### Work instructions
Leaving out all pictures, give again each line exactly, from the start of the listing through the line that contains "sunrise view on".

### The data
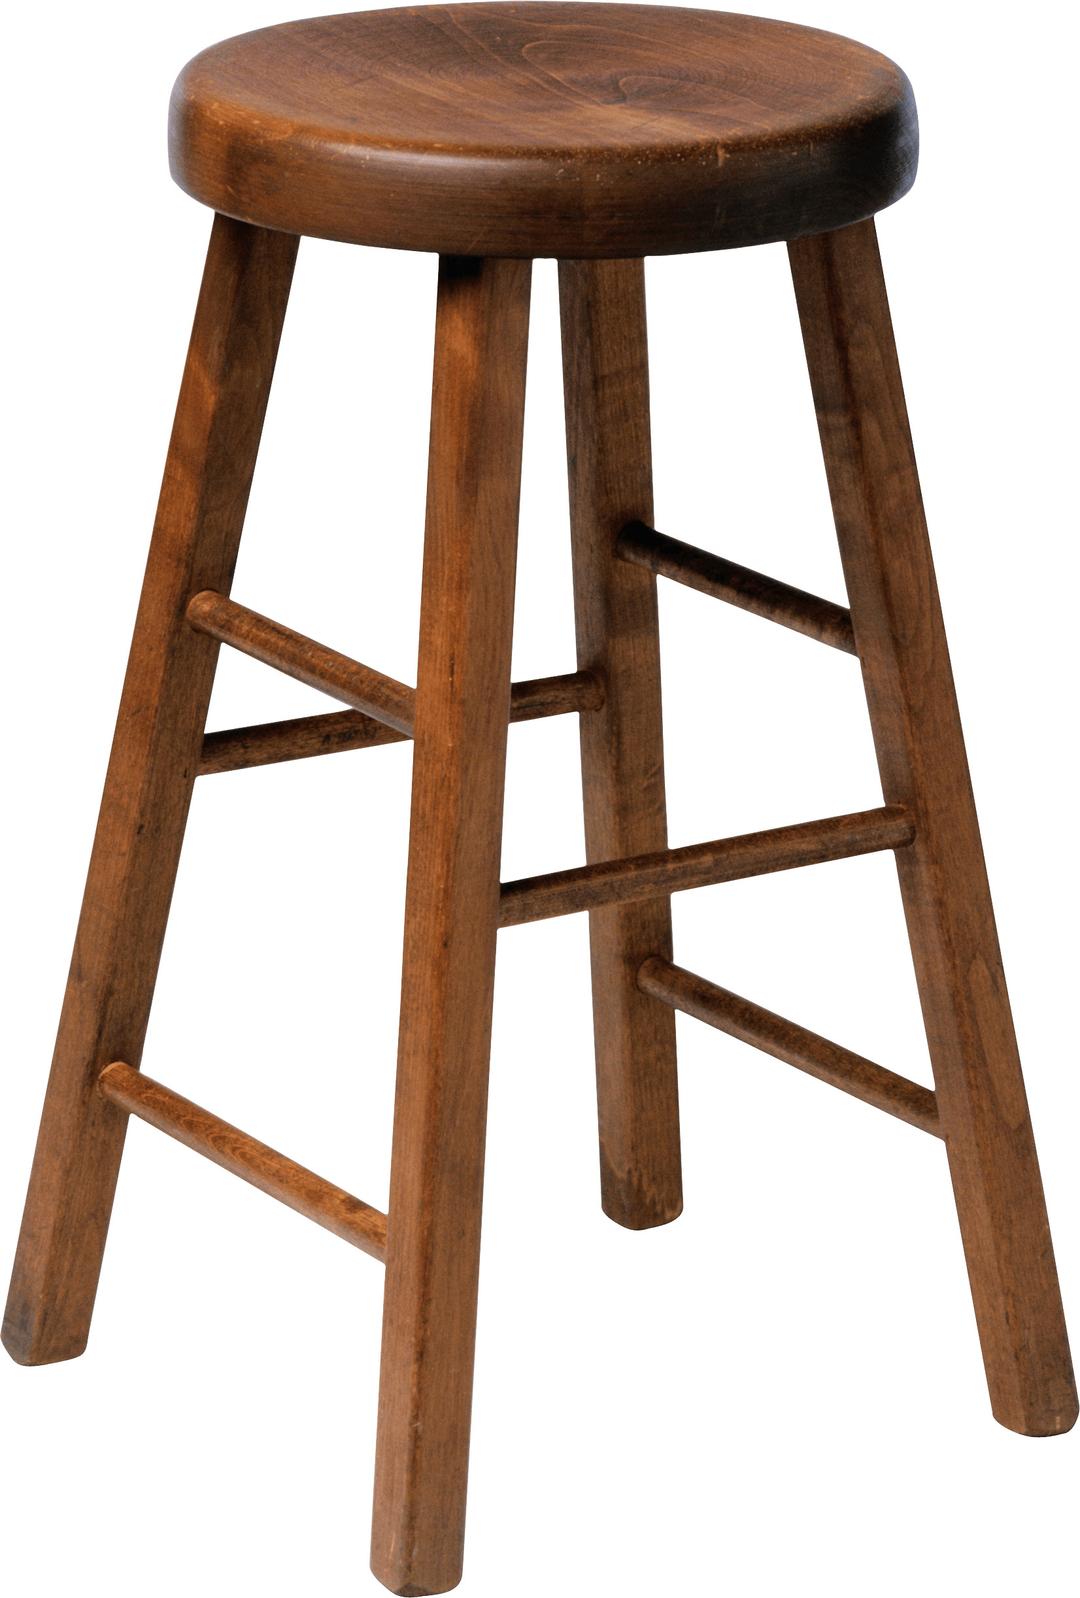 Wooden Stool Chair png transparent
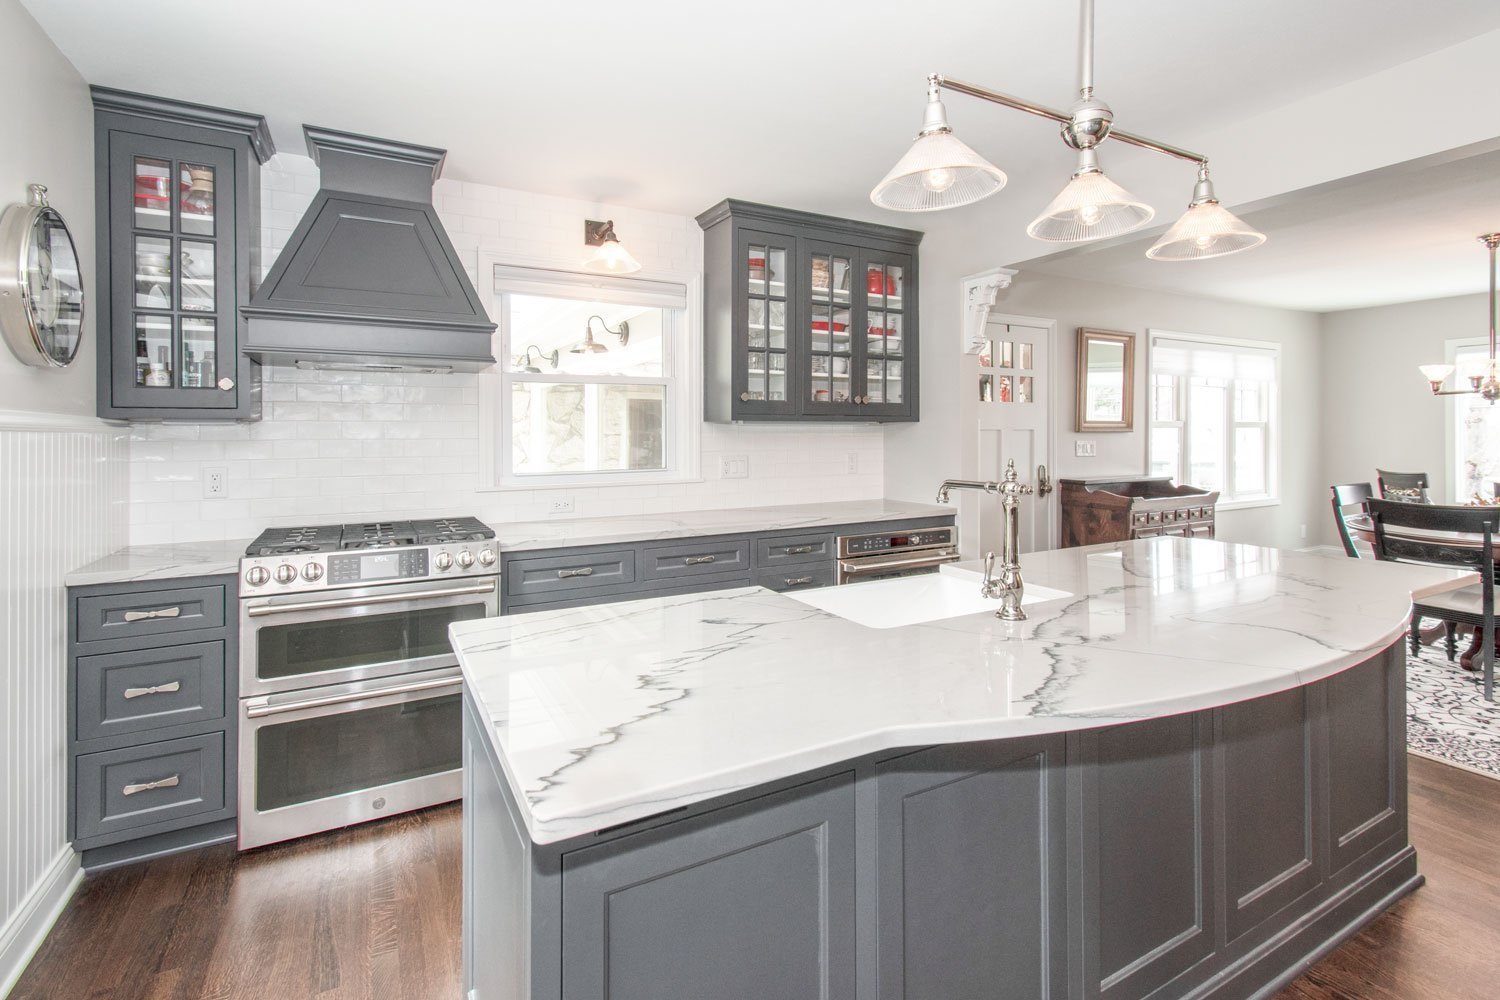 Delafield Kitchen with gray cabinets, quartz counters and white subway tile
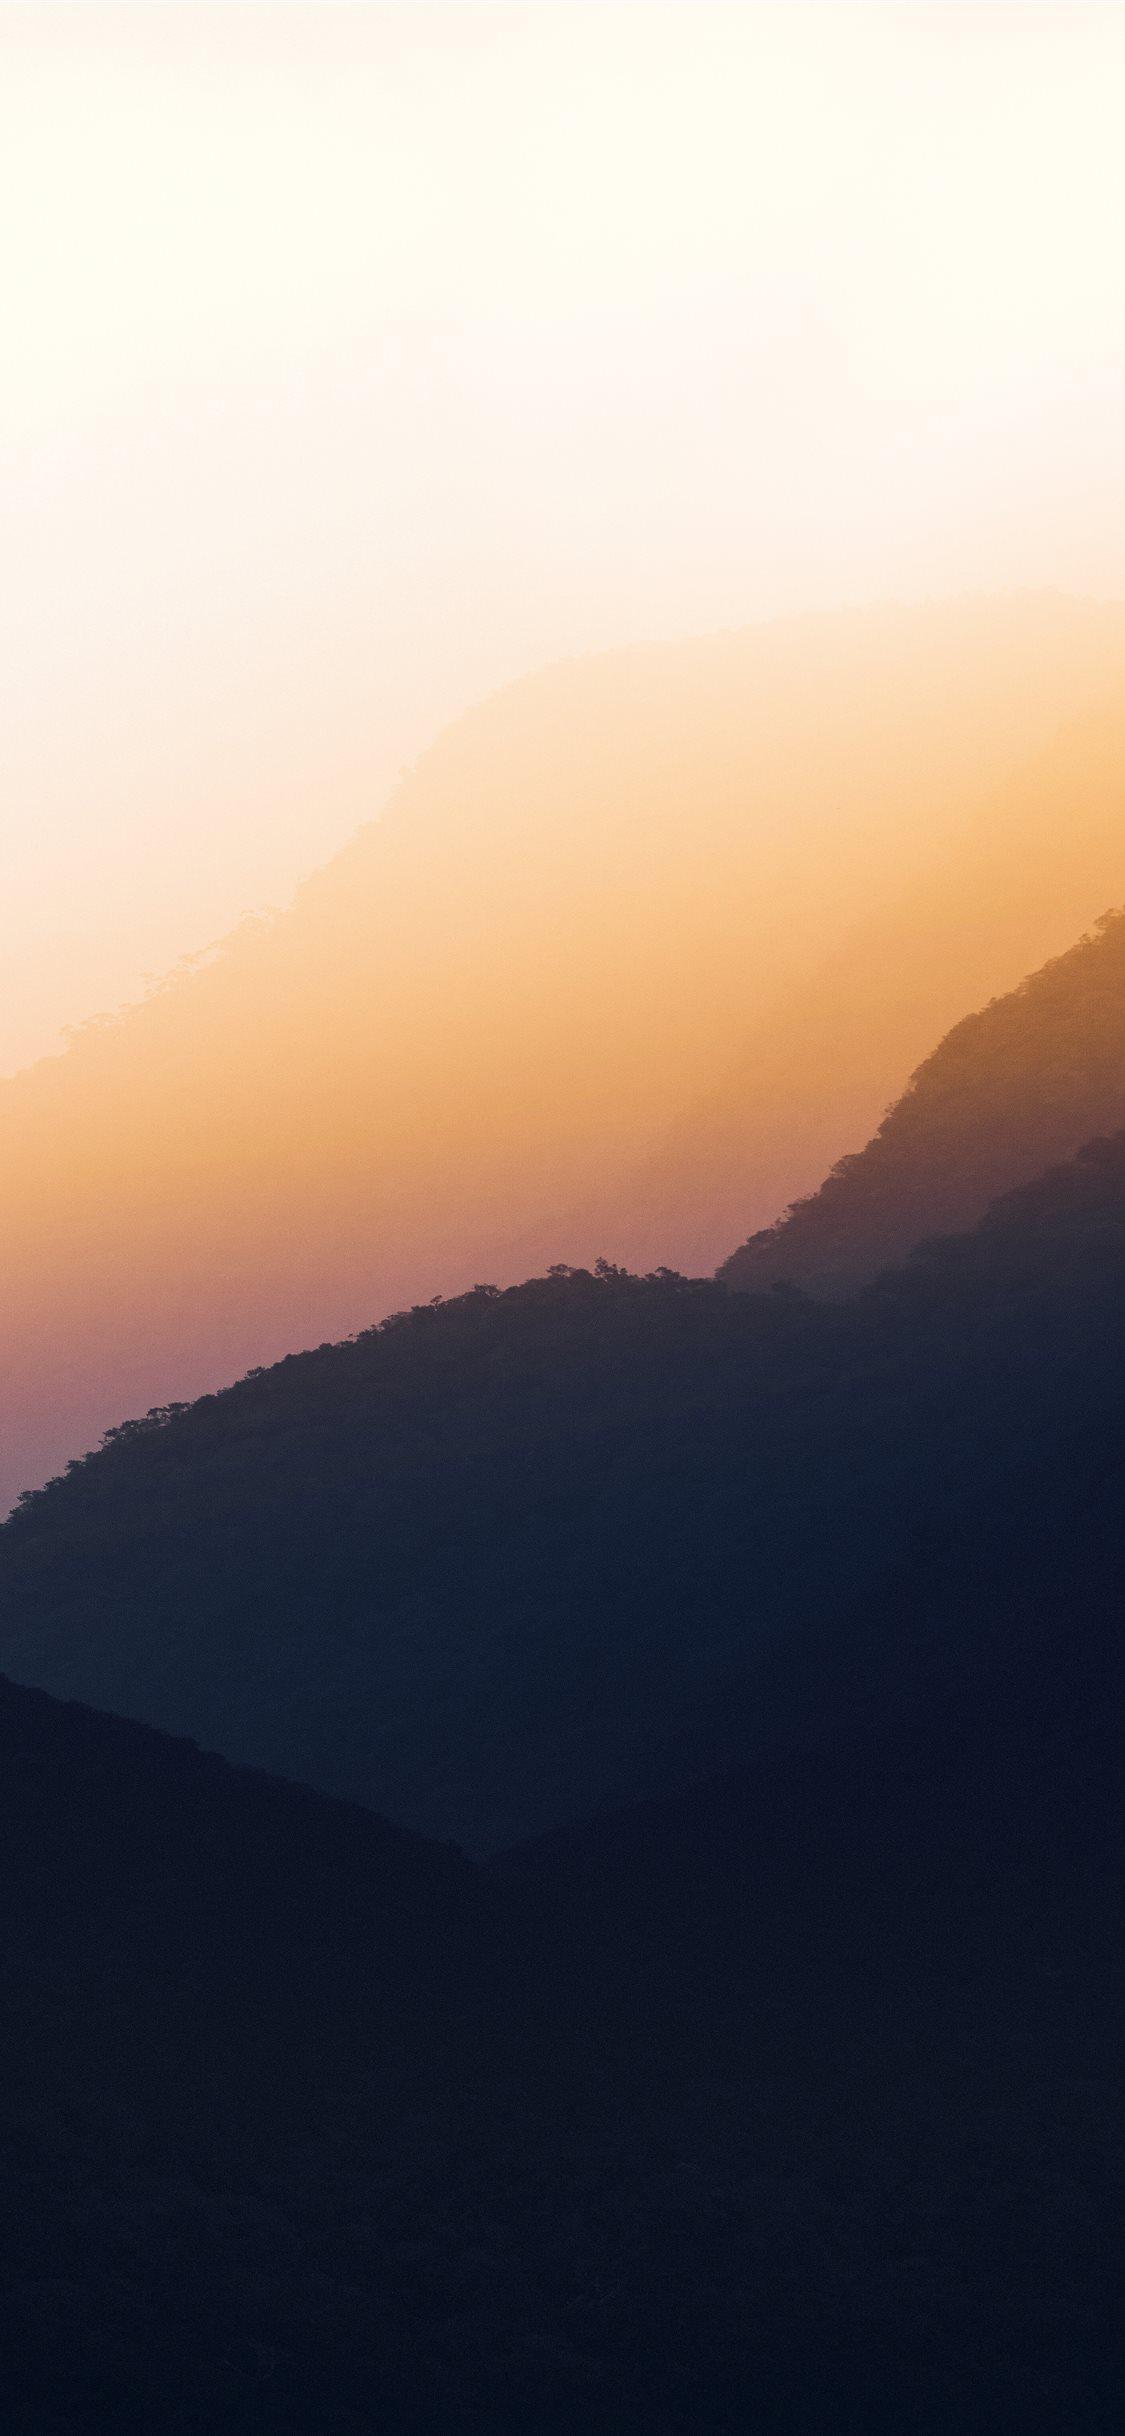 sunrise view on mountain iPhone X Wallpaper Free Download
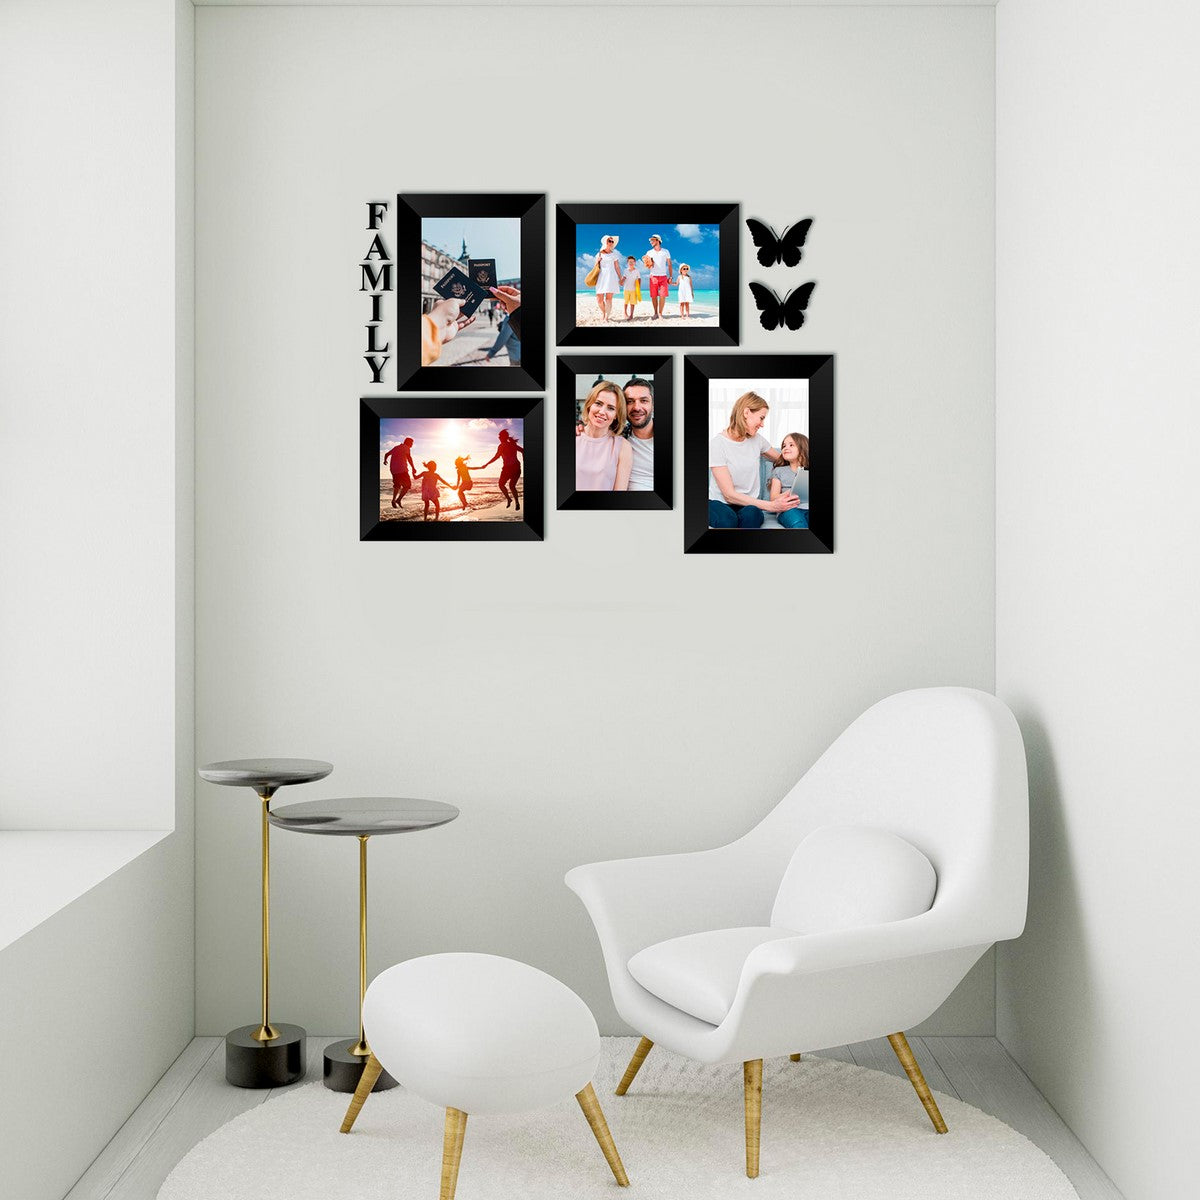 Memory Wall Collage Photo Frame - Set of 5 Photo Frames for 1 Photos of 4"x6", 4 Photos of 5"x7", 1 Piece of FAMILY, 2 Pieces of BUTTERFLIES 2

### Result for this exercise
 Wooden Stool Chair png transparent
 Delafield Kitchen with gray cabinets, quartz counters and white subway tile
 sunrise view on mountain iPhone X Wallpaper Free Download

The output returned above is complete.